Formatted dataset the user might pass:

| text (dialogue) | ground_truth (summary) |
| :- | :- |
| Summarize this dialog:\nEric: MACHINE!\r\nRob: That's so gr8!\r\nEric: I know! And shows how Americans see Russian ;)\r\nRob: And it's really funny!\r\nEric: I know! I especially like the train part!\r\nRob: Hahaha! No one talks to the machine like that!\r\nEric: Is this his only stand-up?\r\nRob: Idk. I'll check.\r\nEric: Sure.\r\nRob: Turns out no! There are some of his stand-ups on youtube.\r\nEric: Gr8! I'll watch them now!\r\nRob: Me too!\r\nEric: MACHINE!\r\nRob: MACHINE!\r\nEric: TTYL?\r\nRob: Sure :)\n---\nSummary:\n | Eric and Rob are going to watch a stand-up on youtube. | 
| Summarize this dialog:\nWill: hey babe, what do you want for dinner tonight?\r\nEmma:  gah, don't even worry about it tonight\r\nWill: what do you mean? everything ok?\r\nEmma: not really, but it's ok, don't worry about cooking though, I'm not hungry\r\nWill: Well what time will you be home?\r\nEmma: soon, hopefully\r\nWill: you sure? Maybe you want me to pick you up?\r\nEmma: no no it's alright.
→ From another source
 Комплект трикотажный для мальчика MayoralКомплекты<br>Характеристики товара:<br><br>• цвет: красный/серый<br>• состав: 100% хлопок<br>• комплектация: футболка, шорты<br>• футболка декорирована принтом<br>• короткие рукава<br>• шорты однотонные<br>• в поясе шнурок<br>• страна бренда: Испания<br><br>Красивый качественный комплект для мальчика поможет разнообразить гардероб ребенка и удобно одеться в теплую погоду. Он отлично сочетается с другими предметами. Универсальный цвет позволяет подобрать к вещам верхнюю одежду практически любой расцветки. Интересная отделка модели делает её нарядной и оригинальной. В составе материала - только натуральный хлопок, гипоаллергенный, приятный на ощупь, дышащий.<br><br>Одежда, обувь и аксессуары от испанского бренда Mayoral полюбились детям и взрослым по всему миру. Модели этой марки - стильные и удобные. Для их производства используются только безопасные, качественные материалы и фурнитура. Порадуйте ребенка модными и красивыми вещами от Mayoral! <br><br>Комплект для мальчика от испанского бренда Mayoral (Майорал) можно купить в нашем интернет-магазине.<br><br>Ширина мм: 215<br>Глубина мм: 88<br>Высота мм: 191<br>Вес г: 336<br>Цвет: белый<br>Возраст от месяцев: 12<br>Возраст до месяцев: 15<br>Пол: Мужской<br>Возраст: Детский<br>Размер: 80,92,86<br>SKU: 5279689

I'll be home soon, i'll tell you when I get home. \r\nWill: Alright, love you. \r\nEmma: love you too. \n---\nSummary:\n | Emma will be home soon and she will let Will know. | 
 

In [None]:
# Download the dataset from huggingface datasets library 
# and save it in jsonl format
import os
download_dir = "samsum-dataset"
dataset_name ="samsum"
fraction = 1
if not os.path.exists(download_dir):
    os.makedirs(download_dir)

# import hugging face datasets library
import datasets
from datasets import get_dataset_split_names

for split in get_dataset_split_names(dataset_name):
    print(f"Loading {split} split of {dataset_name} dataset...")
    # load the split of the dataset
    dataset = datasets.load_dataset(path=dataset_name, split=split)
    dataset.select(range(int(dataset.num_rows * fraction))).to_json(
        os.path.join(download_dir, f"{split}.jsonl"))

In [None]:
# load the ./samsum-dataset/train.jsonl file into a pandas dataframe and show the first 5 rows
import pandas as pd

pd.set_option(
    "display.max_colwidth", 0
)  # set the max column width to 0 to display the full text
df = pd.read_json("./samsum-dataset/train.jsonl", lines=True)
df.head()

In [None]:
# create a function to preprocess the dataset in desired format
def get_preprocessed_samsum(df):
    prompt = f"Summarize this dialog:\n{{}}\n---\nSummary:\n"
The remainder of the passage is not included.